Uji Materi UU Pemerintahan Aceh, Keuchik Desak Penyesuaian Masa Jabatan
INISIATIF.CO, Jakarta – Mahkamah Konstitusi (MK) menggelar sidang pemeriksaan pendahuluan terkait uji materi Pasal 115 ayat (3) Undang-Undang Nomor 11 Tahun 2006 tentang Pemerintahan Aceh, Senin (28/4/2025).
Sidang ini digelar menyusul permohonan lima keuchik dari Aceh yang menggugat masa jabatan kepala desa (keuchik) agar disesuaikan dengan ketentuan nasional.
Kelima pemohon adalah Venny Kurnia, Syukran, Sunandar, Badaruddin, dan Kadimin. Mereka menggugat konstitusionalitas ketentuan yang menyatakan, “Gampong dipimpin oleh keuchik yang dipilih secara langsung dari dan oleh anggota masyarakat untuk masa jabatan 6 (enam) tahun dan dapat dipilih kembali hanya untuk satu kali masa jabatan berikutnya.”
Sidang yang dipimpin oleh Hakim Konstitusi Arsul Sani itu menghadirkan kuasa hukum para pemohon, Febby Dewiyan Yayan. Dalam paparannya, Febby menilai ketentuan tersebut telah menghilangkan hak konstitusional para keuchik, terutama setelah berlakunya Undang-Undang Nomor 3 Tahun 2024 yang menetapkan masa jabatan kepala desa selama delapan tahun dan dapat dipilih kembali satu kali.
“UU Nomor 3 Tahun 2024 dan Putusan MK Nomor 92/PUU-XXII/2024 berlaku secara nasional, termasuk untuk Aceh, sejak diundangkan. Namun, pemberlakuan masa jabatan tersebut terganjal oleh ketentuan Pasal 115 ayat (3) UU Pemerintahan Aceh,” ujar Febby.
Lebih lanjut, ia menjelaskan bahwa baik DPR Aceh (DPRA) maupun Pemerintah Aceh tidak mempermasalahkan pemberlakuan UU Desa di Aceh.

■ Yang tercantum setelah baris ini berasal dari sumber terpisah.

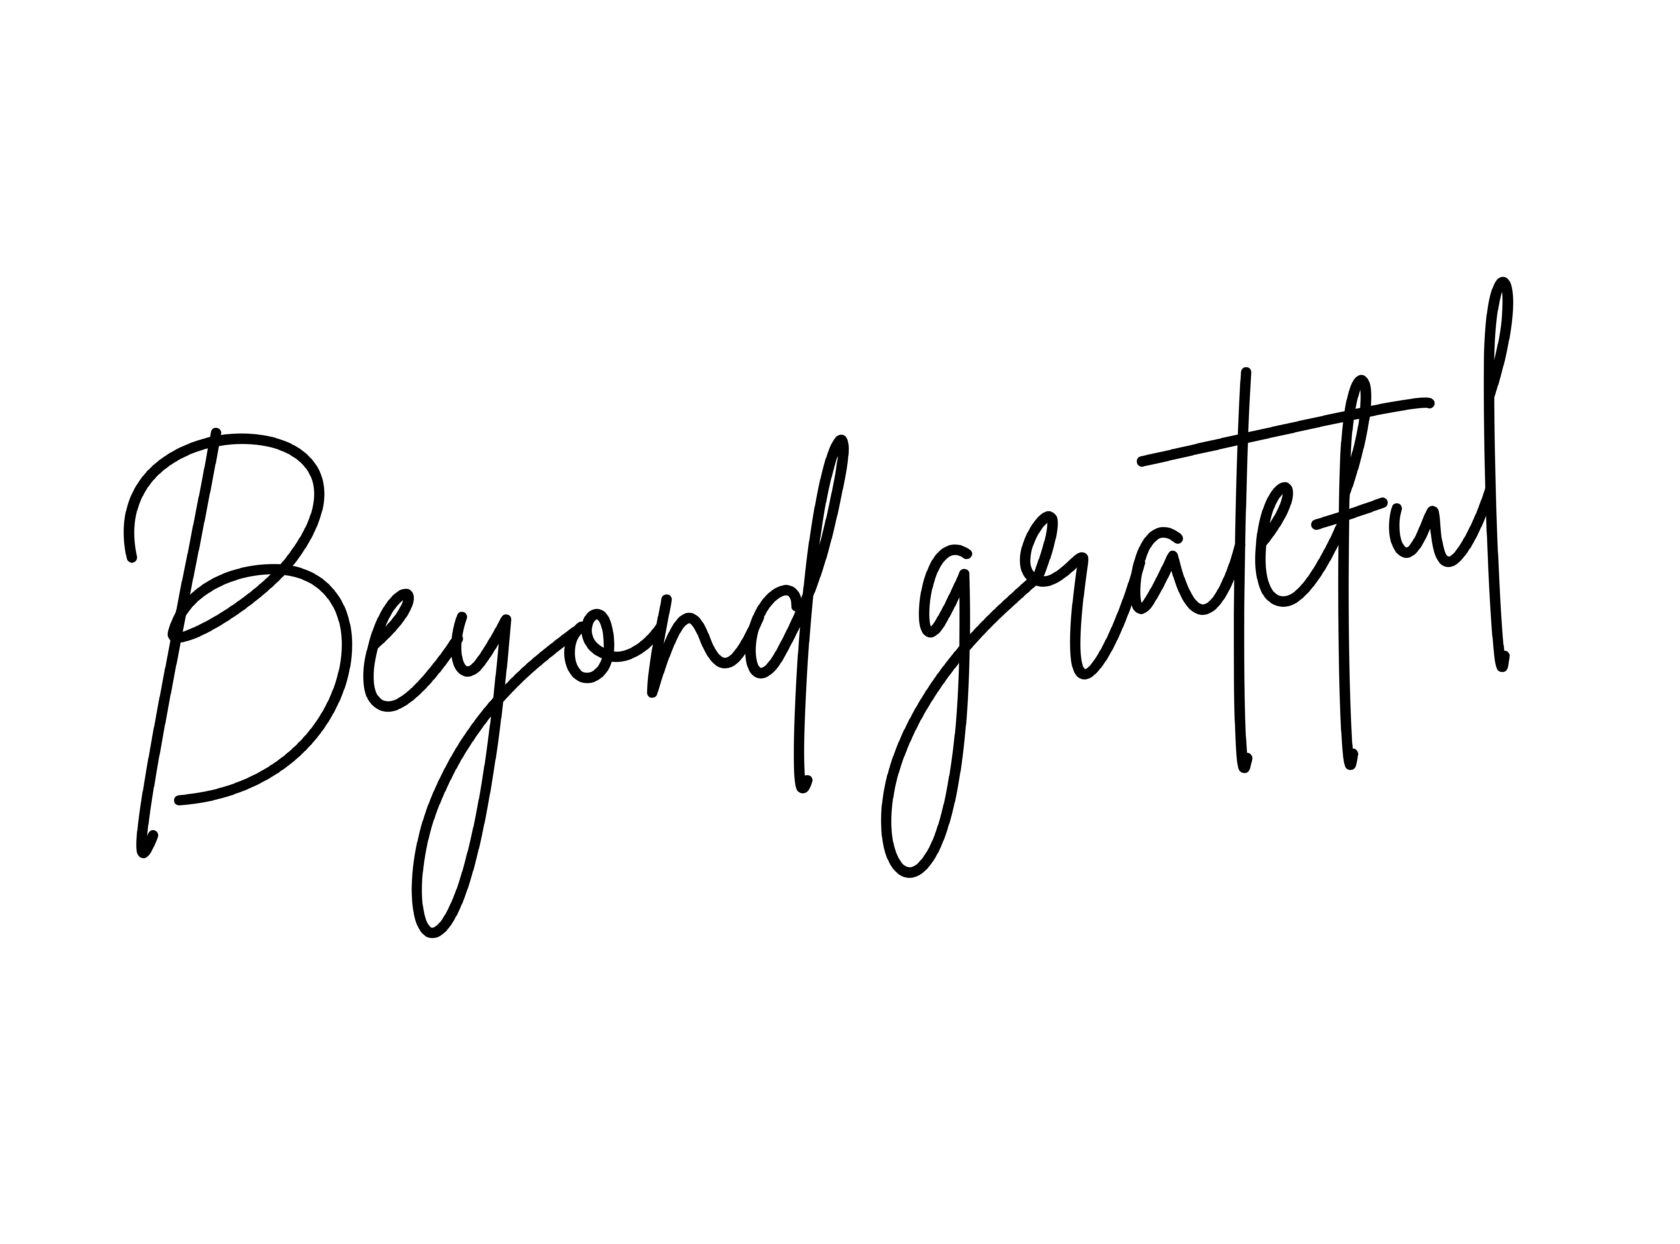 beyond grateful banner for blog post

Hal ini dibuktikan dengan surat dari DPRA Nomor 161/1378 dan surat dari Pemerintah Aceh Nomor 400.14.1.3/11532 yang ditandatangani Pj. Gubernur Aceh, Safrizal, tertanggal 23 September 2024.
Namun, karena Pasal 115 ayat (3) masih berlaku, Febby menegaskan bahwa kewenangan untuk menyatakan suatu norma tidak lagi berlaku berada di tangan MK.

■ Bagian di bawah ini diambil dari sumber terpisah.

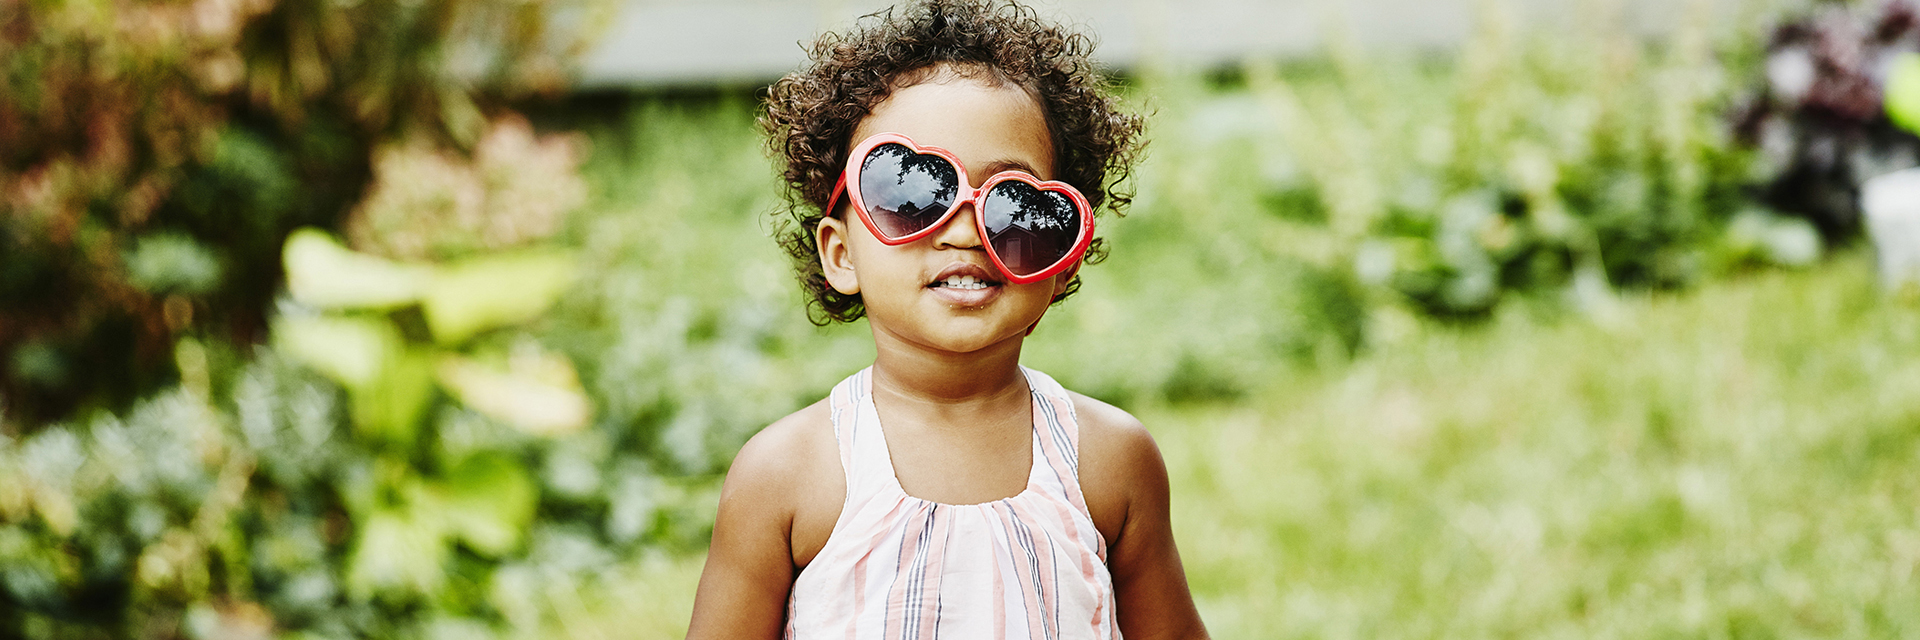 Little girl in sunglasses

Dalam petitumnya, para pemohon meminta agar Pasal 115 ayat (3) dinyatakan tidak memiliki kekuatan hukum mengikat sepanjang tidak dimaknai “Gampong dipimpin oleh keuchik yang dipilih secara langsung dari dan oleh anggota masyarakat untuk masa jabatan 8 (delapan) tahun dan dapat dipilih kembali hanya untuk satu kali masa jabatan berikutnya.”
Menanggapi permohonan tersebut, Hakim Konstitusi M. Guntur Hamzah menyatakan bahwa permohonan sudah sesuai dengan format yang diatur dalam Peraturan MK Nomor 2 Tahun 2021. Meski demikian, ia mengingatkan agar bagian “perihal” permohonan lebih tegas menyebutkan jenis uji materiil.
“Perihal diperbaiki supaya orang langsung tahu bahwa ini pengujian materiil norma pasal. Kata ‘hukumnya’ tidak perlu dicantumkan,” ujar Guntur.
Hal senada disampaikan Hakim Konstitusi Arsul Sani yang menyoroti pentingnya argumentasi yang lebih tajam dan spesifik dalam menjelaskan konflik norma antara UU Pemerintahan Aceh dan UUD 1945.
“Anda harus uraikan pertentangannya di mana. Misalnya, bertentangan dengan Pasal 27 ayat (1), harus dijelaskan bagaimana pertentangannya. Demikian juga dengan Pasal 1 ayat (3) tentang prinsip negara hukum. Tidak cukup hanya menyampaikan uraian umum lalu menyimpulkan bahwa Pasal 115 ayat (3) bertentangan dengan beberapa pasal UUD 1945,” jelas Arsul.
Majelis Hakim memberi waktu 14 hari kerja kepada para pemohon untuk memperbaiki permohonan. Batas akhir penyampaian perbaikan tersebut jatuh pada Rabu, 14 Mei 2025.